What the task asks | Exactly reproduce the lines of the listing below from the one containing "An Air Quality" through the one containing "A kite surfer". Skip the images.
---------- Supplied data
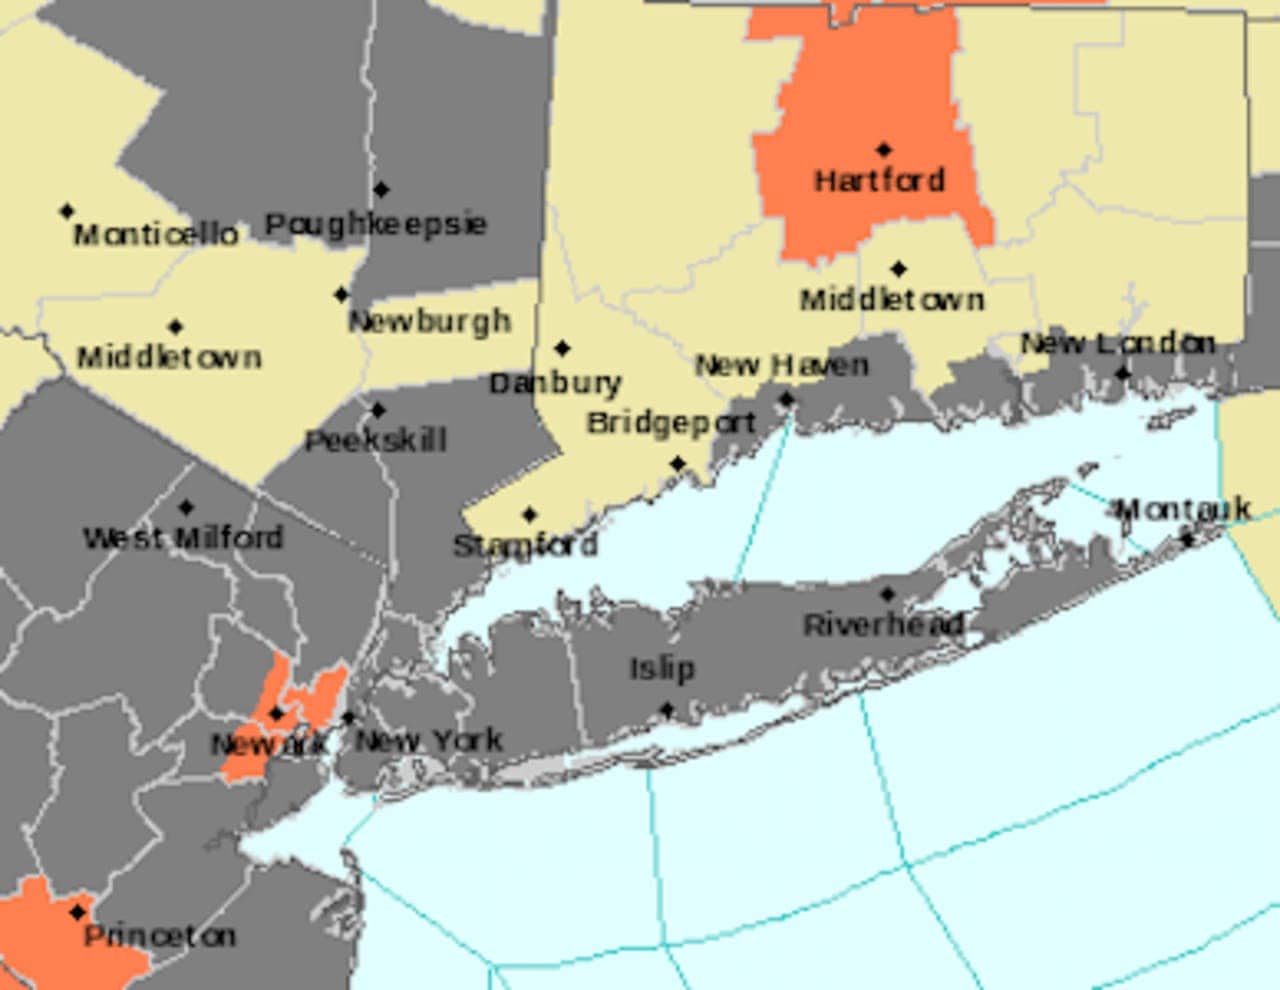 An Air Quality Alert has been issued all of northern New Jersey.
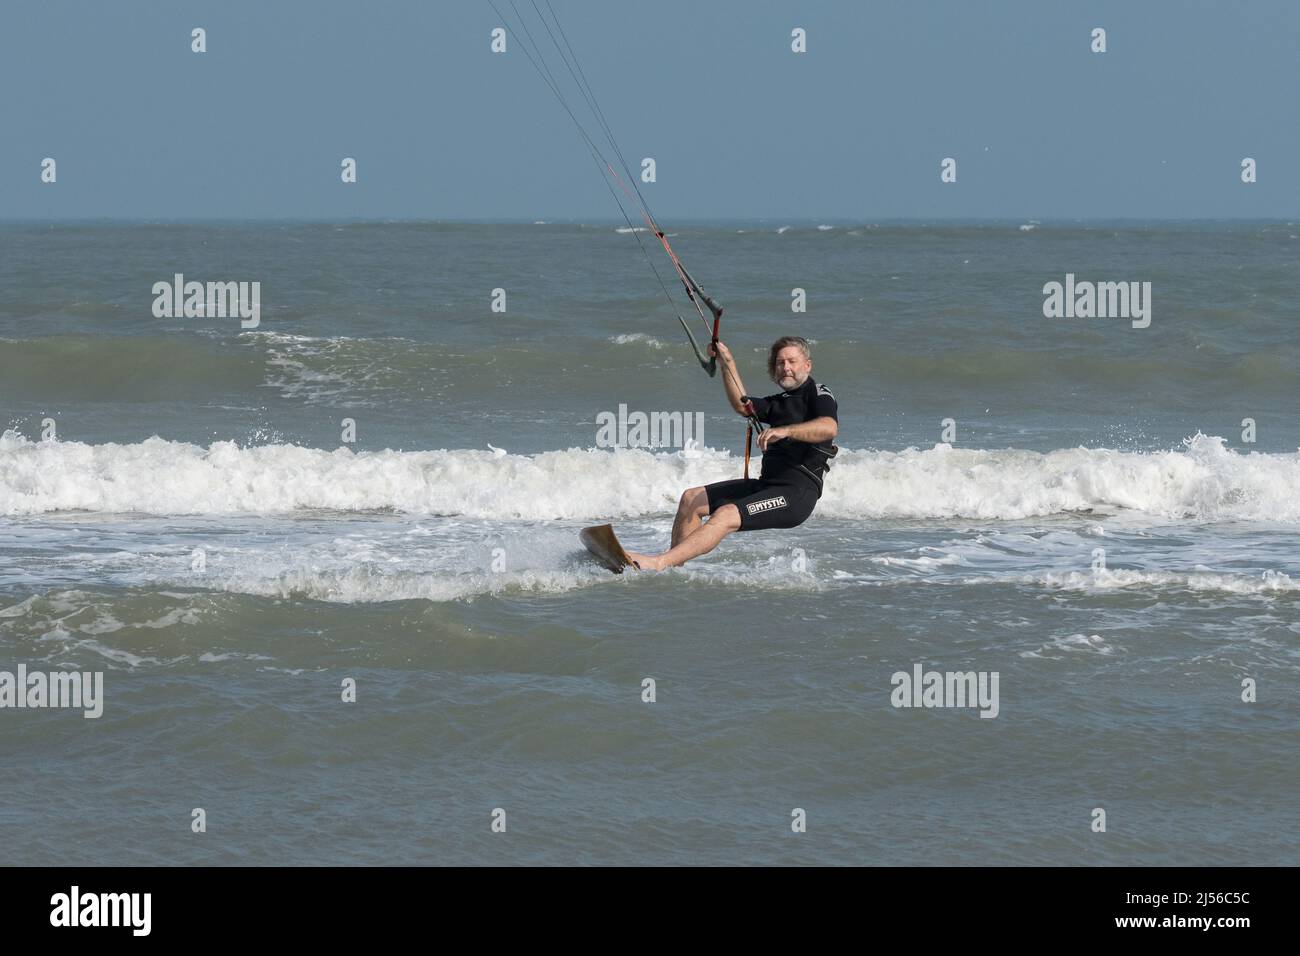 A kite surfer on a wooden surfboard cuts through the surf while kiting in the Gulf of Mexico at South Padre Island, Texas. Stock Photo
--------------------
---------- Supplied data
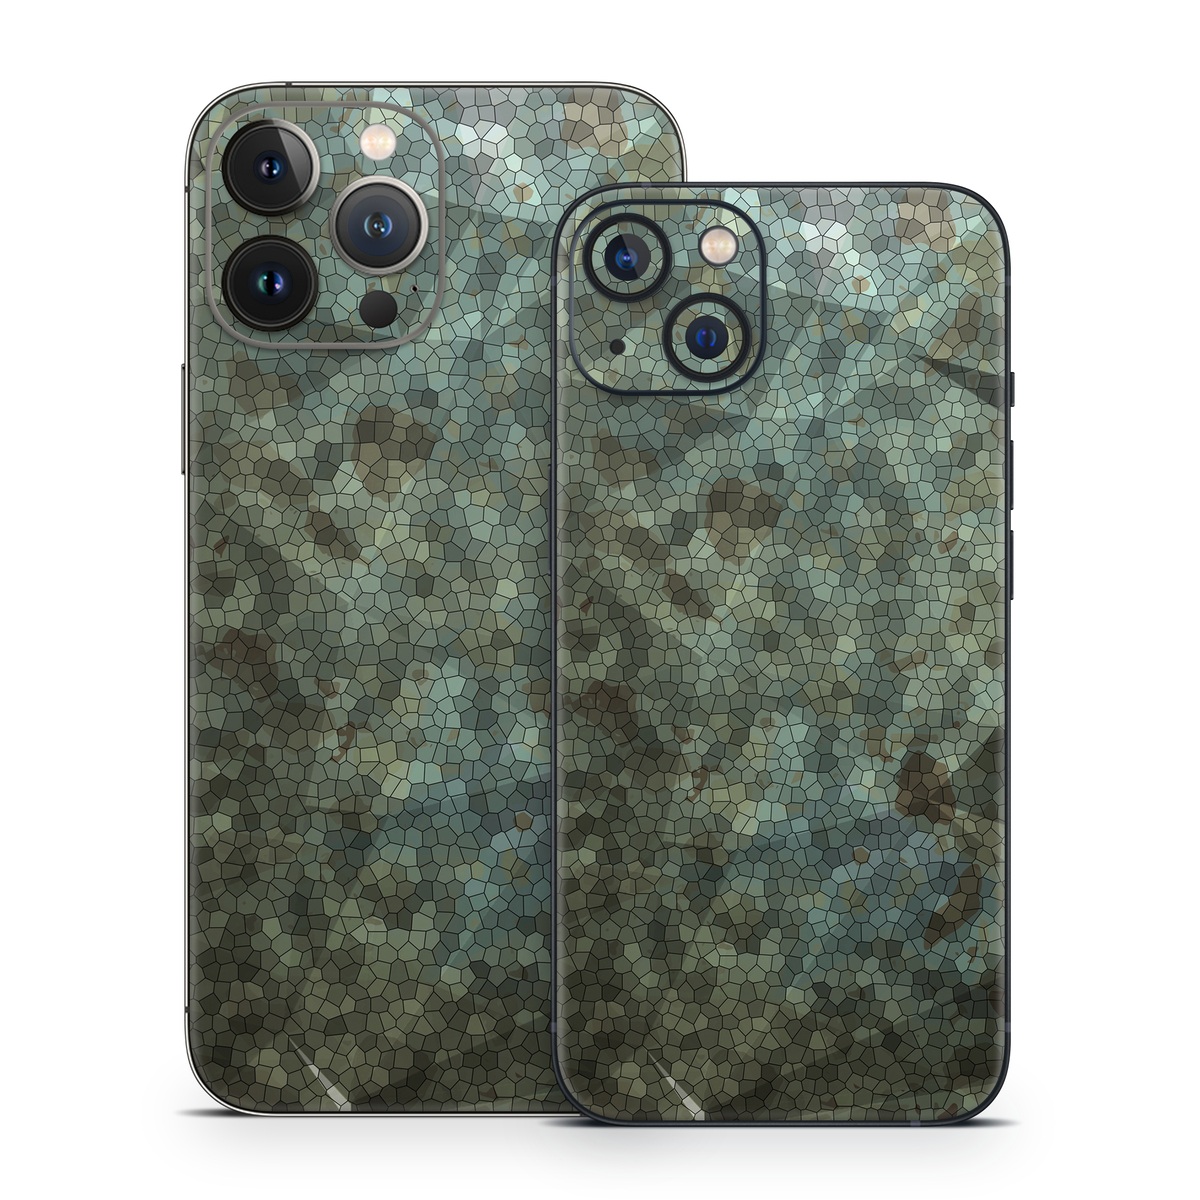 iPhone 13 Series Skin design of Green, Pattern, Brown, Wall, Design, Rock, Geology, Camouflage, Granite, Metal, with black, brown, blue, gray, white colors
--------------------
---------- Supplied data
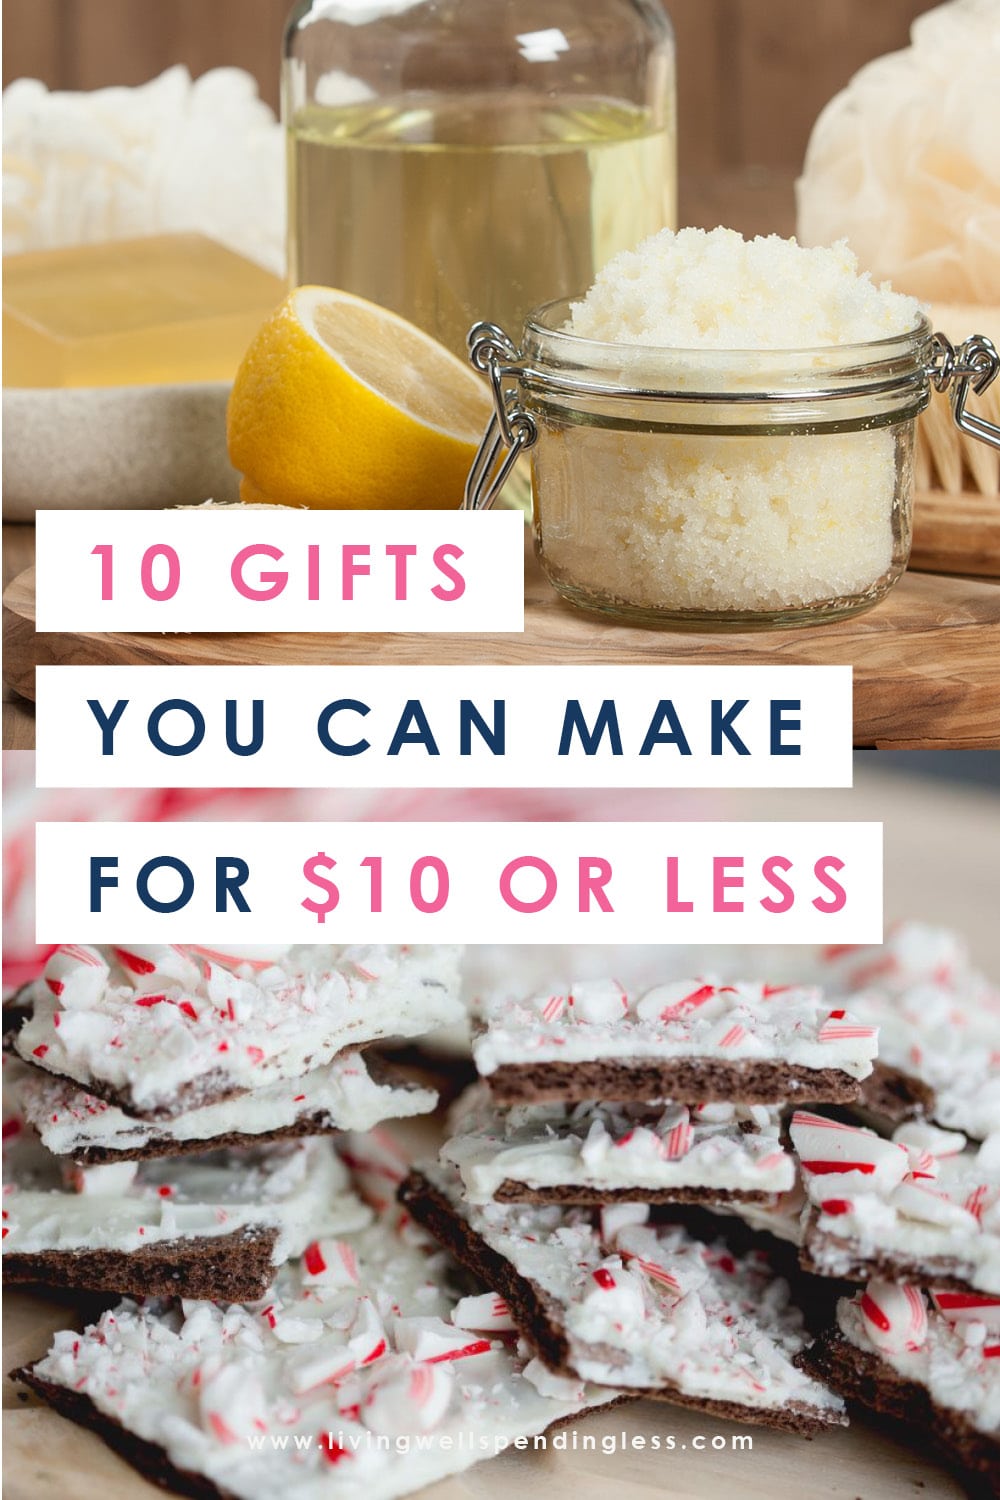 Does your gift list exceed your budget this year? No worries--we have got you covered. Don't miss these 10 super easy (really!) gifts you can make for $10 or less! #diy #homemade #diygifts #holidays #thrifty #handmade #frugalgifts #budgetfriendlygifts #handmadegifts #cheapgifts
--------------------
Solution |
 An Air Quality Alert has been issued all of northern New Jersey.
 A kite surfer on a wooden surfboard cuts through the surf while kiting in the Gulf of Mexico at South Padre Island, Texas. Stock Photo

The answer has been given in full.